YOUR TASK:
Give back exactly the lines of the entries below from the line with "Champagne Prom Dress USA" to the line with "Old town in", inclusive, and only those.

Data items
/---

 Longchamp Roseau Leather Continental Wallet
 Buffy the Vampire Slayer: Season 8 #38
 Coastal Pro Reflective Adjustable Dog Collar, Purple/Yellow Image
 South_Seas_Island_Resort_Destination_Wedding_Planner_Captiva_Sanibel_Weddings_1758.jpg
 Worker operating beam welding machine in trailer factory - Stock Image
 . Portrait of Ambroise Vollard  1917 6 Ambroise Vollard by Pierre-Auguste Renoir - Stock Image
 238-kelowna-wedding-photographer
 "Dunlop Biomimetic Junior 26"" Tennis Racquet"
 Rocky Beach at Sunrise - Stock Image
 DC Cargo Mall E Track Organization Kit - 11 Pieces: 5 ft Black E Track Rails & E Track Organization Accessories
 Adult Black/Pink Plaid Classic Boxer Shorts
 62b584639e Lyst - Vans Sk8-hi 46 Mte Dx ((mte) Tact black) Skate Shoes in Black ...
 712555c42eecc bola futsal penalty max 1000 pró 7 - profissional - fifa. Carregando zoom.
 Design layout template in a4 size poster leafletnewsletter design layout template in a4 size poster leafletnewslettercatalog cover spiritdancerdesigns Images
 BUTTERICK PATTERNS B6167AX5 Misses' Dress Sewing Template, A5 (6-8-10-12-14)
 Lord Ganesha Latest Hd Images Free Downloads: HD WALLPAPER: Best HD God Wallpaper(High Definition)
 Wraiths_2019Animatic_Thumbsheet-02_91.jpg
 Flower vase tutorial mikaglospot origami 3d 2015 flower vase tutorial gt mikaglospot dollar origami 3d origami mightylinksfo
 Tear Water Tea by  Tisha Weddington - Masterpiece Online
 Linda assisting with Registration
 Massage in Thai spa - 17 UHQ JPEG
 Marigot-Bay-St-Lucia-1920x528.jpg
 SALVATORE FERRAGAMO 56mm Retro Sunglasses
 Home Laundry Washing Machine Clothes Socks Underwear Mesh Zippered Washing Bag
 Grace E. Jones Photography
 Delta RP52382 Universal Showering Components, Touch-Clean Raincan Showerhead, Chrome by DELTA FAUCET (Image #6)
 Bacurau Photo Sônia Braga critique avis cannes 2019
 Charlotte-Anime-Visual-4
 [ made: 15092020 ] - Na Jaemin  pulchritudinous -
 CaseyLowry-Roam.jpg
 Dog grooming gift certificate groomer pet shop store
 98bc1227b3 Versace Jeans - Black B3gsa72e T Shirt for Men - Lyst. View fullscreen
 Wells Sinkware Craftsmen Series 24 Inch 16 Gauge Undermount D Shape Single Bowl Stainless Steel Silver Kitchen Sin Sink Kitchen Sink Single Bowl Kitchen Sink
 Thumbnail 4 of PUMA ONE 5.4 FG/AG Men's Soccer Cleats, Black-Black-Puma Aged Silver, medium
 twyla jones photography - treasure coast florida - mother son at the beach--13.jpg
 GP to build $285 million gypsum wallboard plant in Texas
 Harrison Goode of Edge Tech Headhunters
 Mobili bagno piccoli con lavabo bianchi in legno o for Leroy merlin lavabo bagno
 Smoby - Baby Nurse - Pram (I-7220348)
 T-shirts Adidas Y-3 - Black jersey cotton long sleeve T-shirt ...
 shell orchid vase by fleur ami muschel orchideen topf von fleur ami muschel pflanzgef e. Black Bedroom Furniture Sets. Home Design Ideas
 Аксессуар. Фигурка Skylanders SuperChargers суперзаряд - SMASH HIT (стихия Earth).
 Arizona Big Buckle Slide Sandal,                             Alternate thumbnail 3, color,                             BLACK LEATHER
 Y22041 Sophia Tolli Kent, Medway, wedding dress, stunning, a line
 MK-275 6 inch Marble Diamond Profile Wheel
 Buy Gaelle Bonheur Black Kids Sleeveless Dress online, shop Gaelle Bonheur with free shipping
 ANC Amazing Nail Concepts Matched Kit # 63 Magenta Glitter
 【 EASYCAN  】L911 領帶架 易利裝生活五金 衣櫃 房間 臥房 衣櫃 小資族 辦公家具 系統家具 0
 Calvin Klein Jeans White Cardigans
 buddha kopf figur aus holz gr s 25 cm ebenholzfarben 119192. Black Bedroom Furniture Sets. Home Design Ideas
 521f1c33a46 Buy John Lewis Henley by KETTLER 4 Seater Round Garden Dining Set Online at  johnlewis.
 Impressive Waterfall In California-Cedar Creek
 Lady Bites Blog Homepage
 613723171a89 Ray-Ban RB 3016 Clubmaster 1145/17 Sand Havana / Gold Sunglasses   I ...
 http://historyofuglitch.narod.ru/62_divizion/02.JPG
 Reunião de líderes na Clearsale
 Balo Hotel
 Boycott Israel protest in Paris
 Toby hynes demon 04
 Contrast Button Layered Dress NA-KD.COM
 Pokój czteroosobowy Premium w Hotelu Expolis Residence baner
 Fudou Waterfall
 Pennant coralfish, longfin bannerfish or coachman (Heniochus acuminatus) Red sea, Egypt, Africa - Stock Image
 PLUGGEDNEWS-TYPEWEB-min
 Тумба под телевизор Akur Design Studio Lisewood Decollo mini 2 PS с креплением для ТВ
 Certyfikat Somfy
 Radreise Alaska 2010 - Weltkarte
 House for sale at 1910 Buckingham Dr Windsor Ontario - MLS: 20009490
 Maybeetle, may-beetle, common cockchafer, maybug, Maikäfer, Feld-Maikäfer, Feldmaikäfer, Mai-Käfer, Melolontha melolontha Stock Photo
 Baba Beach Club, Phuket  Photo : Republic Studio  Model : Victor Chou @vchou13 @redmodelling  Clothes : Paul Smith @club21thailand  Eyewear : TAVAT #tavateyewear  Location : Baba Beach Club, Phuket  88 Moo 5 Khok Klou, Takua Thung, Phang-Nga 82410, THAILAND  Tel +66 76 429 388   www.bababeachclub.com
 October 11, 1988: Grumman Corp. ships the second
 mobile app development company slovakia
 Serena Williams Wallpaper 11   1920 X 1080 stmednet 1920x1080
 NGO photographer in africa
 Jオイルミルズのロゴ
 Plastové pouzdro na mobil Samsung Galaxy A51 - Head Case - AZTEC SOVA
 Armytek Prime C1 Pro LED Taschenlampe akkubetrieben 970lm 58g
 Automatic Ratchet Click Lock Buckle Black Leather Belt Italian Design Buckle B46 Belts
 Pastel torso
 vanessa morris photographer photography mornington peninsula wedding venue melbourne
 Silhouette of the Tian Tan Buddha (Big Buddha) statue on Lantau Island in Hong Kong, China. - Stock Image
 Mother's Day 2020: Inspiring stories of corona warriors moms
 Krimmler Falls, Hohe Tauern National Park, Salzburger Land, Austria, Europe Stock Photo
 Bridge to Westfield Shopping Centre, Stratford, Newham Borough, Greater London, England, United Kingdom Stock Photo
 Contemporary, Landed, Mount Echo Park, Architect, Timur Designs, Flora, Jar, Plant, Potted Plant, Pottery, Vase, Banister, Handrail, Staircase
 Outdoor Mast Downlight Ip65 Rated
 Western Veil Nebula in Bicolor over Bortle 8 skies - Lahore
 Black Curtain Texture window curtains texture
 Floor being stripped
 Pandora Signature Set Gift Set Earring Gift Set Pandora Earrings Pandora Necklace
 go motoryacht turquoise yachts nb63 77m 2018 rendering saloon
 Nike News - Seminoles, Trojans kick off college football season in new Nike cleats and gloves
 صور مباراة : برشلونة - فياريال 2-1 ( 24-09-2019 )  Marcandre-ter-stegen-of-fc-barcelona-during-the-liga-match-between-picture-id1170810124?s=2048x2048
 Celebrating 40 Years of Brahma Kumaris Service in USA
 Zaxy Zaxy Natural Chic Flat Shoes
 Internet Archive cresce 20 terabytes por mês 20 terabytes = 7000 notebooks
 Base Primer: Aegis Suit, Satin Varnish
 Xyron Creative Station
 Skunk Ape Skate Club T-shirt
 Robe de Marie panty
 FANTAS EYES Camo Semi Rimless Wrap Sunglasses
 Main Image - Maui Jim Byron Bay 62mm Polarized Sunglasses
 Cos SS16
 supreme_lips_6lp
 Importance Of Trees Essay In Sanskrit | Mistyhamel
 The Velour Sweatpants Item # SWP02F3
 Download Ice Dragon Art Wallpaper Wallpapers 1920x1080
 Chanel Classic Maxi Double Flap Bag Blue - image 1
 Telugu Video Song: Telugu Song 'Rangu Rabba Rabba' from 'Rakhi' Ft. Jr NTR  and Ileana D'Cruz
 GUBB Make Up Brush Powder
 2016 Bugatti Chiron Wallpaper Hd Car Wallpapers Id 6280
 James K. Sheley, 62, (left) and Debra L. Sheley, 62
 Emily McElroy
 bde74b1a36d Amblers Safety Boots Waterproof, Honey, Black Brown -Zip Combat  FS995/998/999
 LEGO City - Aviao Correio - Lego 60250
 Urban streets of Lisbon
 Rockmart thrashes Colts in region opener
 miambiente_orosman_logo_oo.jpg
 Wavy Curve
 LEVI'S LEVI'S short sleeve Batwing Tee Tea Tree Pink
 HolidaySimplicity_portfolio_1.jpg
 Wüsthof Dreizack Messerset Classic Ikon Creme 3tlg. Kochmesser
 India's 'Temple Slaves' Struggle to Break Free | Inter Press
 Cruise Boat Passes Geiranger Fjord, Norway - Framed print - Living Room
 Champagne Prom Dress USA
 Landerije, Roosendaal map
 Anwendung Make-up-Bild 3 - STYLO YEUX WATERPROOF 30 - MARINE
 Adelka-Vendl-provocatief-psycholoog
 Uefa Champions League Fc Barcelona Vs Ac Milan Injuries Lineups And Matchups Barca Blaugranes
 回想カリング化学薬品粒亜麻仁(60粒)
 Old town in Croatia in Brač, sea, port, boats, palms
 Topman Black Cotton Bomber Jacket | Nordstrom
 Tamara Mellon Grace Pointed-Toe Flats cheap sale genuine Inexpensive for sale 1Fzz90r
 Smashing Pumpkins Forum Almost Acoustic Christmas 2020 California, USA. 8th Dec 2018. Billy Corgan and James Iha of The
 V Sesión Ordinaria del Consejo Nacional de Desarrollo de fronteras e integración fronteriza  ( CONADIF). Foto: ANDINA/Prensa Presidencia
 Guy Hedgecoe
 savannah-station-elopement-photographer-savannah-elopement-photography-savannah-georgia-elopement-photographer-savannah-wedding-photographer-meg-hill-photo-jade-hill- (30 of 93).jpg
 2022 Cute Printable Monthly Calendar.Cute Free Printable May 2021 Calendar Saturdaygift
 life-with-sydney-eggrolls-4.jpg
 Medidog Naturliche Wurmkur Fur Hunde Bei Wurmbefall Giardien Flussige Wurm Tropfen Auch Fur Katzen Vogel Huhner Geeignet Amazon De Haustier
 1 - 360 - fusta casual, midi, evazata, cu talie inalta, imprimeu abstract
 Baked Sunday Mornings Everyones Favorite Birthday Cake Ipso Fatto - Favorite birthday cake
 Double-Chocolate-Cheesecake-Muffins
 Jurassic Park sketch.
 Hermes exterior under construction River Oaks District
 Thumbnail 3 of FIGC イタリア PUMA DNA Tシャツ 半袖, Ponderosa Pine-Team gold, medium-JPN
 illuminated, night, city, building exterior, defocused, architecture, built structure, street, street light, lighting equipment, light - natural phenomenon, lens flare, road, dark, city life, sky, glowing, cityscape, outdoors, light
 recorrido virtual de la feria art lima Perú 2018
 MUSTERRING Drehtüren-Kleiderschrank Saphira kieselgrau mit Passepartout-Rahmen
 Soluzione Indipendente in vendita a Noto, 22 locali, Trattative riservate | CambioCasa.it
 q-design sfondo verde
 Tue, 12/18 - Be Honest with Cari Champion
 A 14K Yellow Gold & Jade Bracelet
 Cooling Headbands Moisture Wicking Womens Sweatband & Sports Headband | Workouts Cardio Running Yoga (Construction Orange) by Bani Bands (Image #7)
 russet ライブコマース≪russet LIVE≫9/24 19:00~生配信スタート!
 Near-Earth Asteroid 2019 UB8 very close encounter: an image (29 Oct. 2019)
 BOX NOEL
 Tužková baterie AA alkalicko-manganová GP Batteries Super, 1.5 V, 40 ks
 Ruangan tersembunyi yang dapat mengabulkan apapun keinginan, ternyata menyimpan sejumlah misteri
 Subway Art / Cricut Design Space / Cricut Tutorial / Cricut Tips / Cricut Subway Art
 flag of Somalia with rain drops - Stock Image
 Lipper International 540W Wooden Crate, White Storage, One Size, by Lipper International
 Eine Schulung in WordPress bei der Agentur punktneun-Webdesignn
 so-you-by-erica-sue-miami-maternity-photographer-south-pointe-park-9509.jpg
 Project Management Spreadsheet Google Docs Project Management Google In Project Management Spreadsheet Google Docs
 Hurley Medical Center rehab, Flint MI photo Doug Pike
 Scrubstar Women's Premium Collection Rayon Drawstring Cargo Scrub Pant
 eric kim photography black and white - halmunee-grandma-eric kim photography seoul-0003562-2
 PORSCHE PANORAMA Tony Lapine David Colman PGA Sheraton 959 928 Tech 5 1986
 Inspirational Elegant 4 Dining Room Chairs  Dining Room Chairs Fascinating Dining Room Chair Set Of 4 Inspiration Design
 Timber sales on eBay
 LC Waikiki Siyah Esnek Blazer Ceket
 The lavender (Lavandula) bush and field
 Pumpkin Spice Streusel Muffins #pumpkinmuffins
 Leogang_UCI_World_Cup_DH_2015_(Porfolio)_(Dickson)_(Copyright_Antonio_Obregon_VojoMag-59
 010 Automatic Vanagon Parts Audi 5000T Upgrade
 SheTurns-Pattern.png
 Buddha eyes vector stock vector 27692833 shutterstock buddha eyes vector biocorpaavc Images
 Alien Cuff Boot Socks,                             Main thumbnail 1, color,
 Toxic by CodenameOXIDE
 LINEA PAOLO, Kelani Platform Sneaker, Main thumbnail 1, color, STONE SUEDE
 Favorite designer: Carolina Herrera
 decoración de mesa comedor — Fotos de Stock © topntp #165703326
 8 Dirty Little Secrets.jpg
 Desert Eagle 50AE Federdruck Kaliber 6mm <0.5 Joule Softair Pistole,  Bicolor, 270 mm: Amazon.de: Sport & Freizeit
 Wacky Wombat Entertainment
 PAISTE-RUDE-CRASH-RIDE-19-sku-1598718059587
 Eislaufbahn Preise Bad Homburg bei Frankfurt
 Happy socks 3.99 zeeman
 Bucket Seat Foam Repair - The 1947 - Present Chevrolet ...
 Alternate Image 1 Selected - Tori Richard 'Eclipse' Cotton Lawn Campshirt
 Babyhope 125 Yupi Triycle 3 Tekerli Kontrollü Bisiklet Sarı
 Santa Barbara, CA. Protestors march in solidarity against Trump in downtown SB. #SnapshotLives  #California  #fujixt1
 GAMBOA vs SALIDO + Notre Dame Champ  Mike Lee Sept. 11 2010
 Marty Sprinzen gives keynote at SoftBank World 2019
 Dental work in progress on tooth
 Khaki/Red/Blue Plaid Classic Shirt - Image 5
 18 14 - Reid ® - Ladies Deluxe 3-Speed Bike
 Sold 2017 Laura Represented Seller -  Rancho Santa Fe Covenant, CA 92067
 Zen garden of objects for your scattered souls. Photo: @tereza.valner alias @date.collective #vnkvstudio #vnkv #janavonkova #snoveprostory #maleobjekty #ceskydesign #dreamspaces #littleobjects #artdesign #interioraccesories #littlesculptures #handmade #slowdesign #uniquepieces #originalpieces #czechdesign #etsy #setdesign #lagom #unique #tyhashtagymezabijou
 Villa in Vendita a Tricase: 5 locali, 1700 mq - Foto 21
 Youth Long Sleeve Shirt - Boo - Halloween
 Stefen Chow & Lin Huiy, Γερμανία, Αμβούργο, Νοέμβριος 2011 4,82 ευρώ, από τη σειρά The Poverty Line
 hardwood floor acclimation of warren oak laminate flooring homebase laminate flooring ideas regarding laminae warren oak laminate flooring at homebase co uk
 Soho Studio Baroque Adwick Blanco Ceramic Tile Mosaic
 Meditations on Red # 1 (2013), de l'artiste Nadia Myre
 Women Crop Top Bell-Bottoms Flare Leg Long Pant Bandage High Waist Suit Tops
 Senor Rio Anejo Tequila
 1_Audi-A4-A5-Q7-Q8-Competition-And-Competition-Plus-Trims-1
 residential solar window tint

\---

RESULT OF THE EXERCISE:
 Champagne Prom Dress USA
 Landerije, Roosendaal map
 Anwendung Make-up-Bild 3 - STYLO YEUX WATERPROOF 30 - MARINE
 Adelka-Vendl-provocatief-psycholoog
 Uefa Champions League Fc Barcelona Vs Ac Milan Injuries Lineups And Matchups Barca Blaugranes
 回想カリング化学薬品粒亜麻仁(60粒)
 Old town in Croatia in Brač, sea, port, boats, palms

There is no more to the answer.